Work required —
The records that follow are to be repeated exactly, without any pictures.

Extracted records —
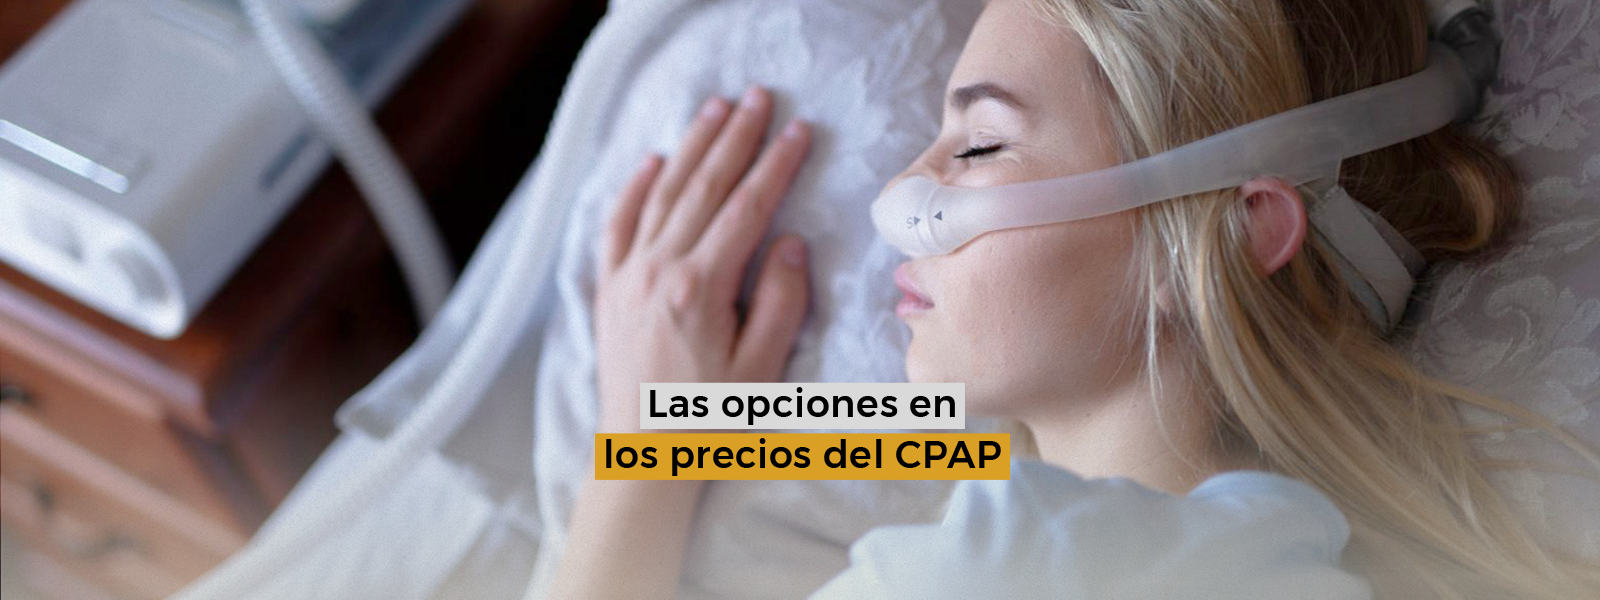 Las opciones en los precios del CPAP
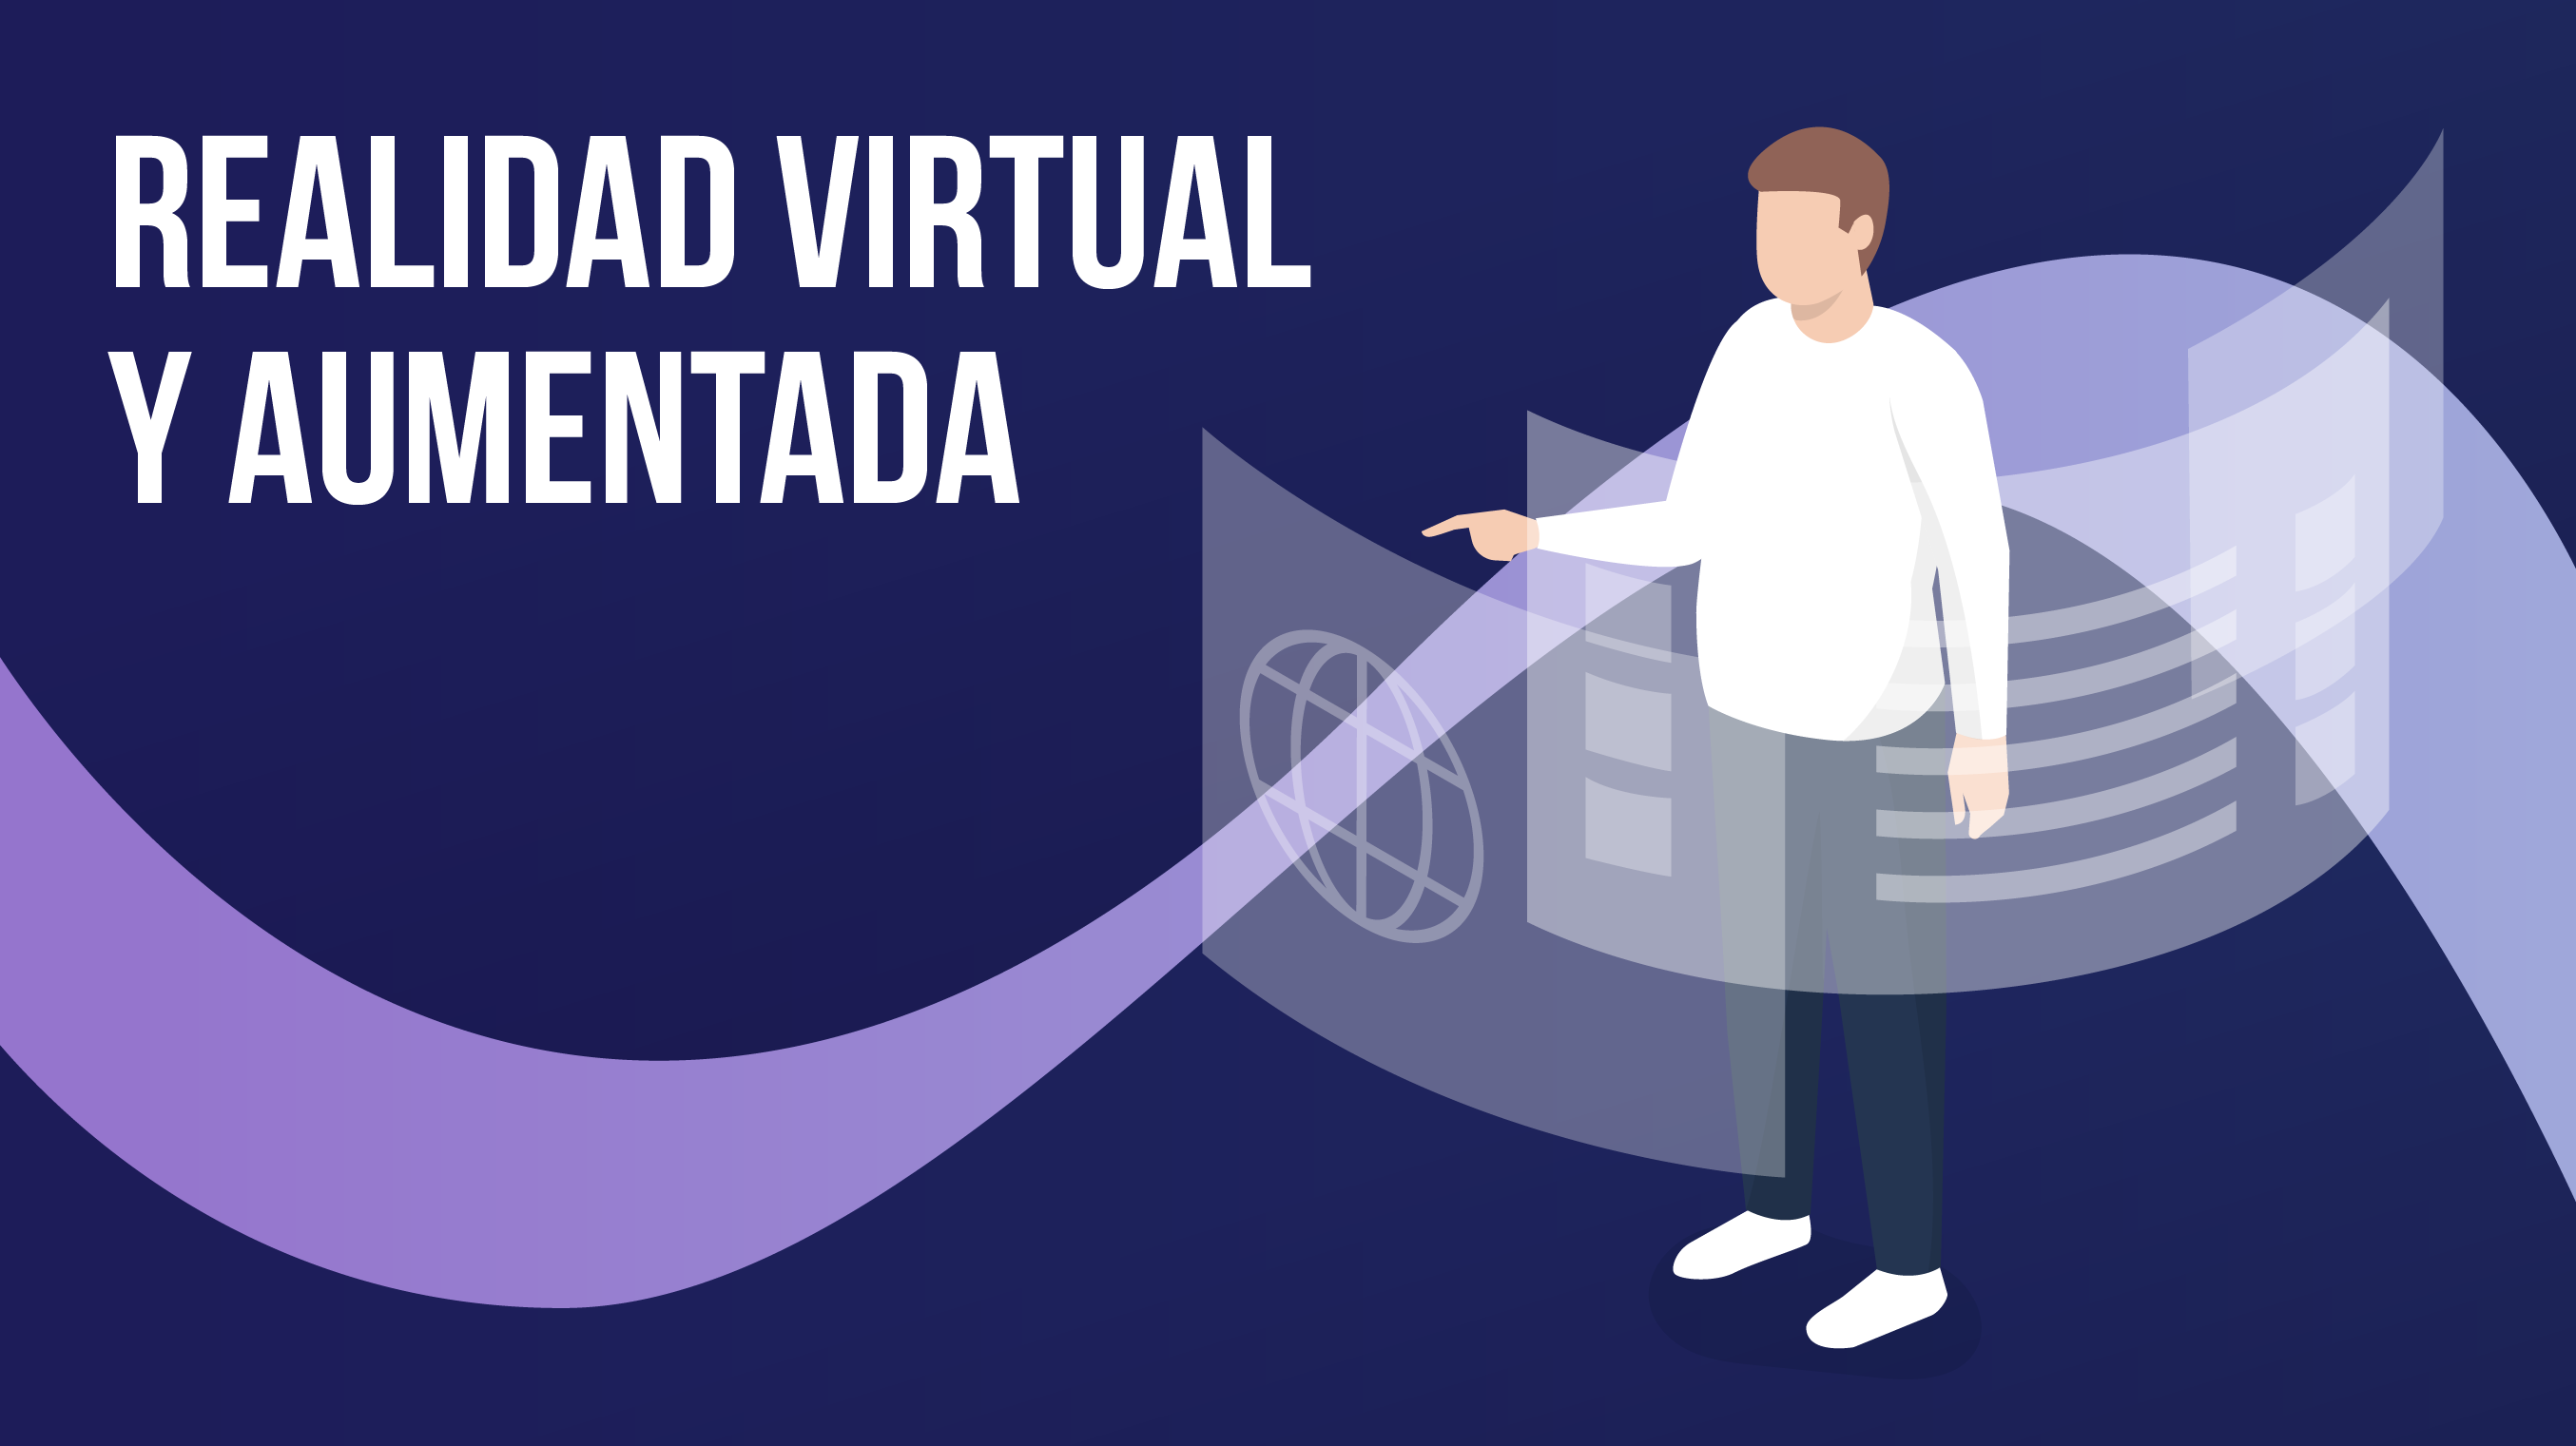 Realidad virtual y
aumentada
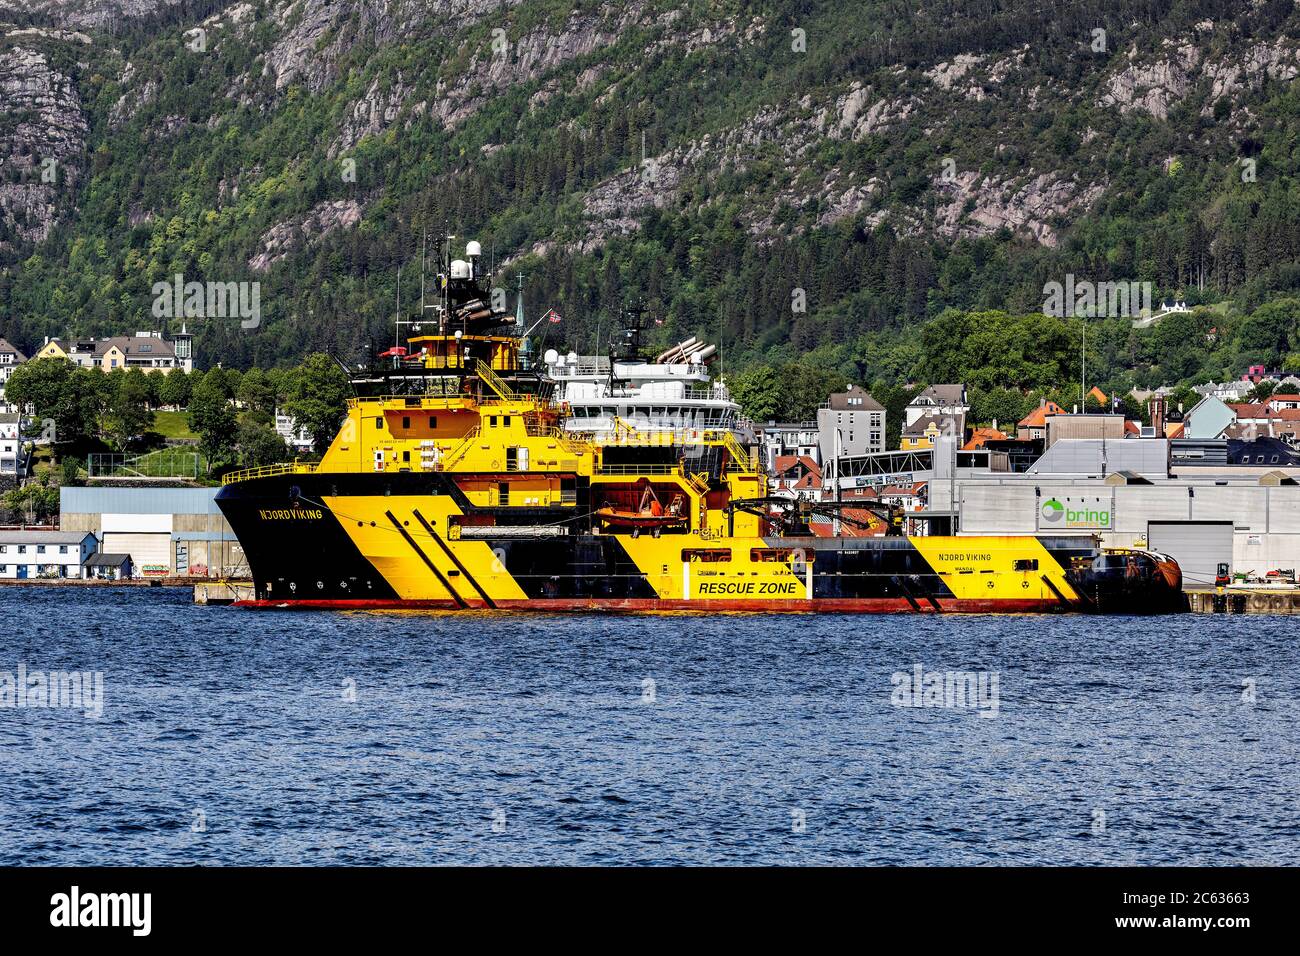 Offshore-Versorgung AHTS Schiff Njord Viking am Jekteviksterminalen Kai, in Damsgaardssundet, im Hafen von Bergen, Norwegen. Stockfoto
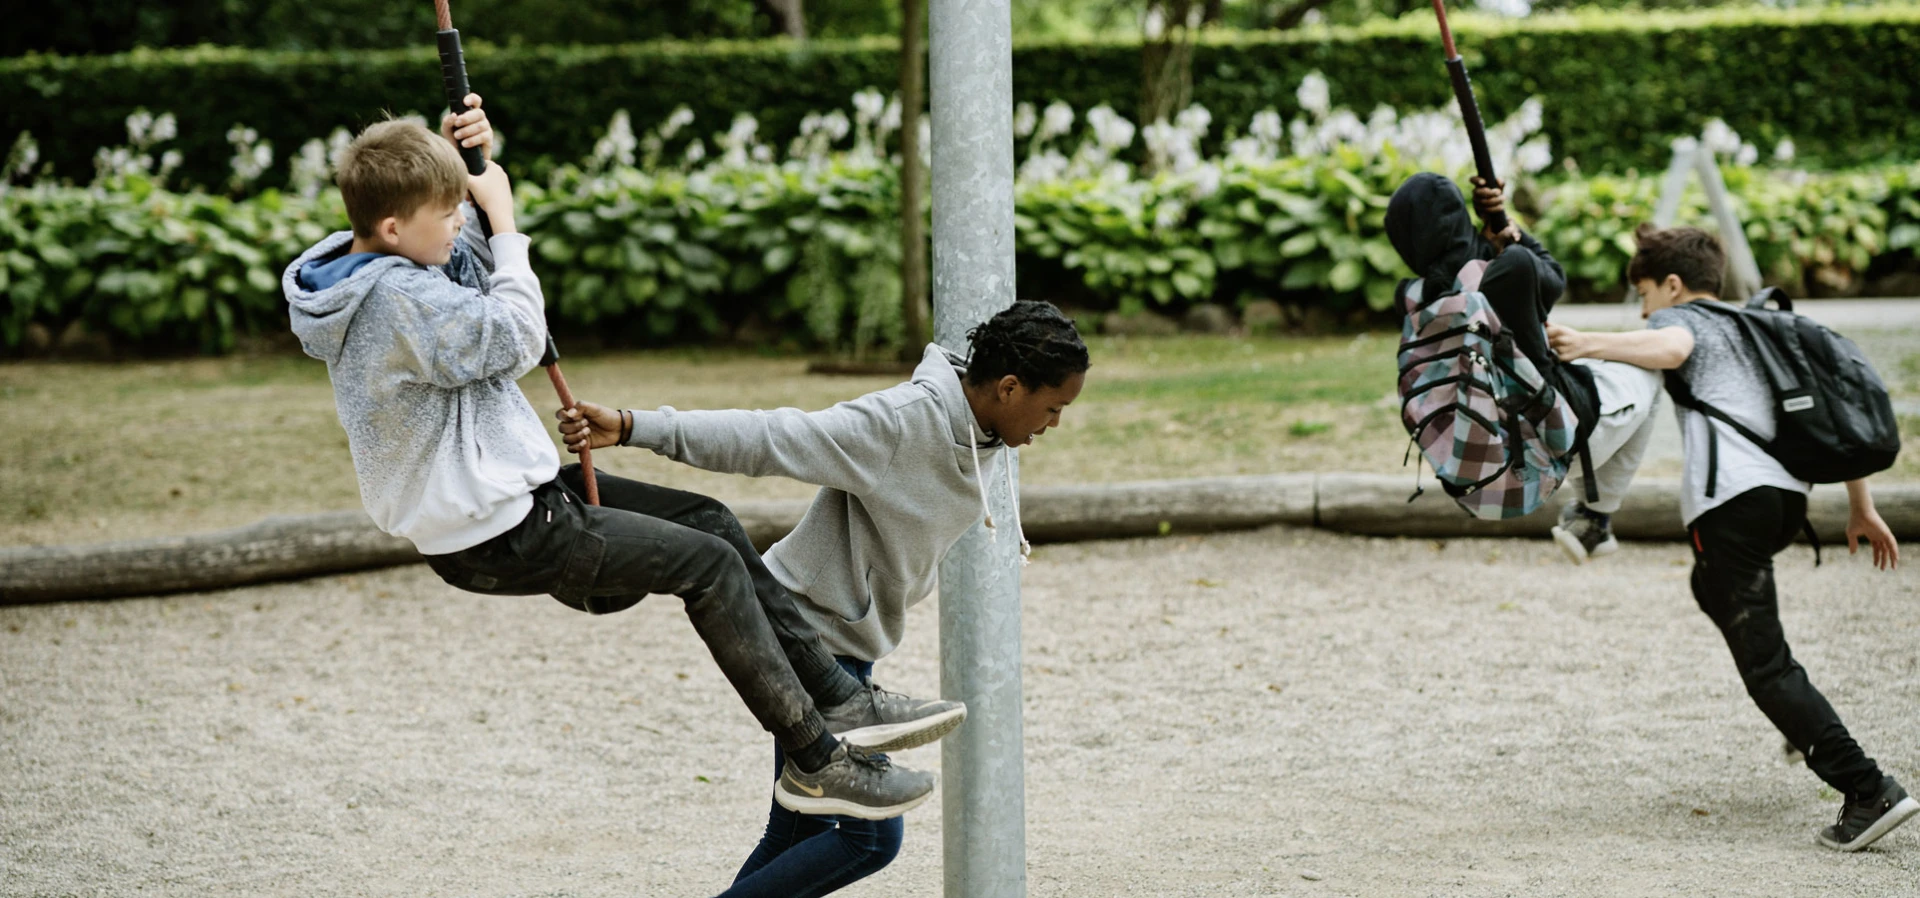 Adolescentes jugando en un parque infantil giratorio
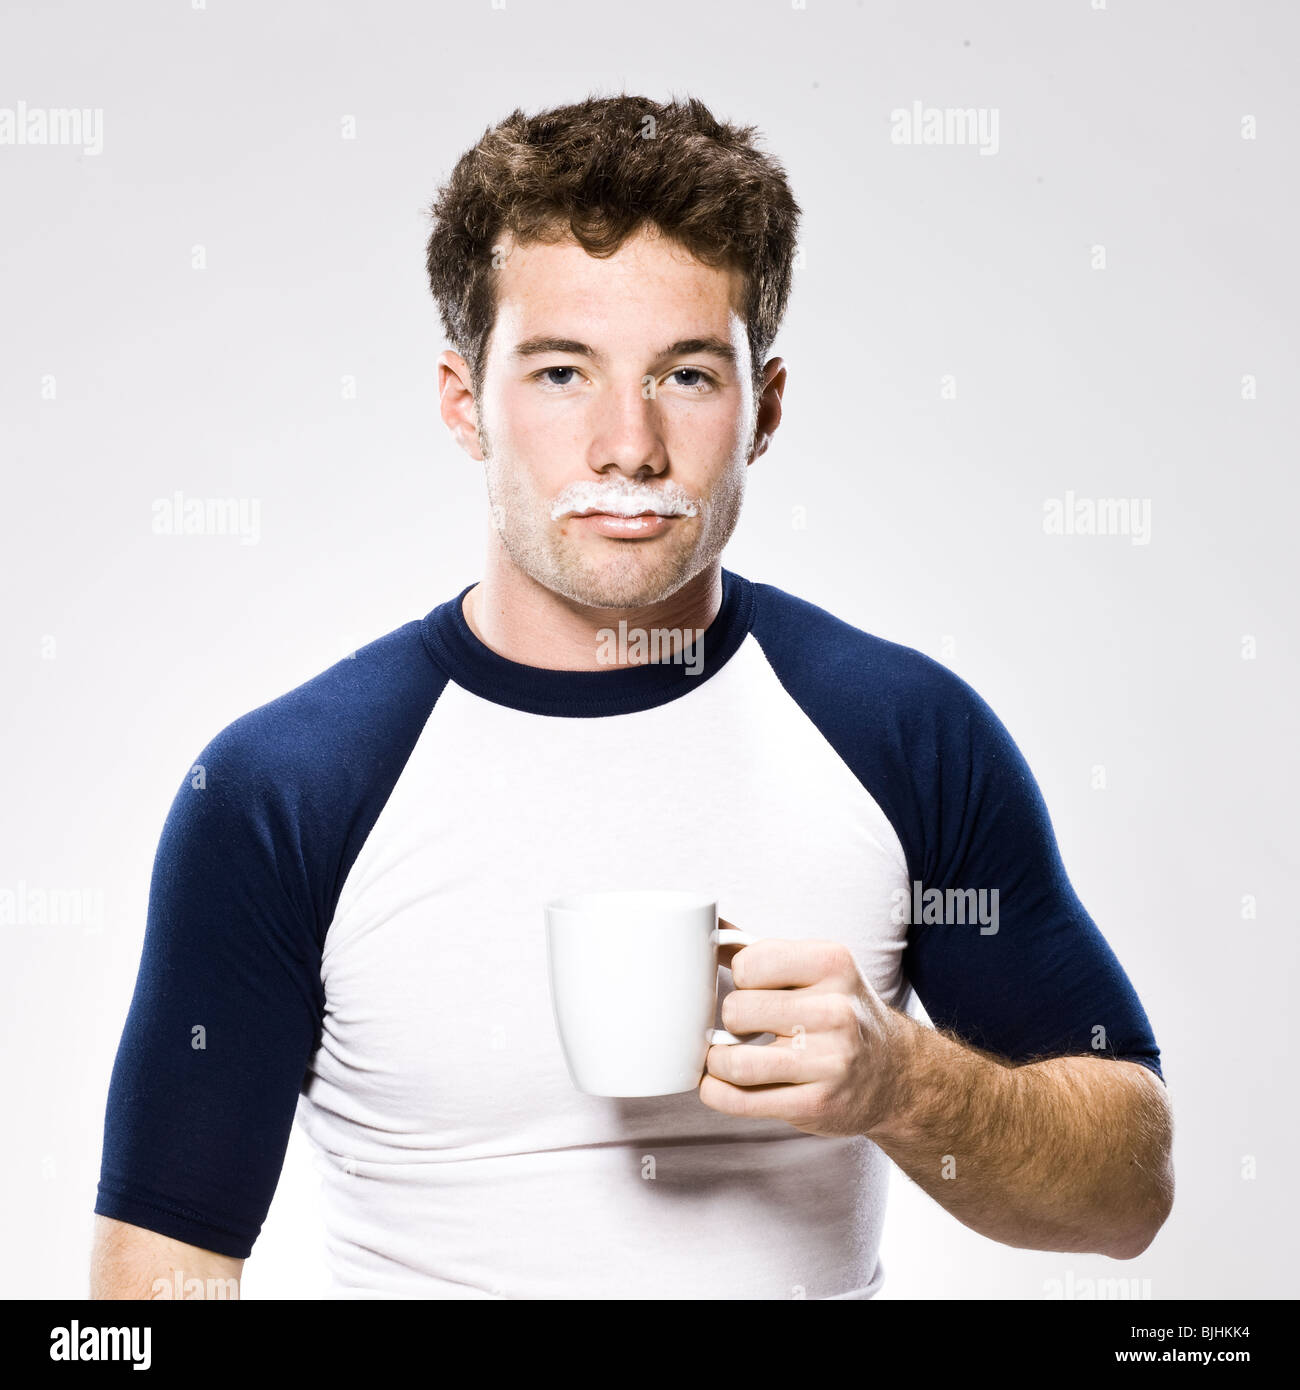 Homme avec une moustache de lait holding a white mug Banque D'Images

Exercise result —
 Las opciones en los precios del CPAP
 Realidad virtual y
aumentada
 Offshore-Versorgung AHTS Schiff Njord Viking am Jekteviksterminalen Kai, in Damsgaardssundet, im Hafen von Bergen, Norwegen. Stockfoto
 Adolescentes jugando en un parque infantil giratorio
 Homme avec une moustache de lait holding a white mug Banque D'Images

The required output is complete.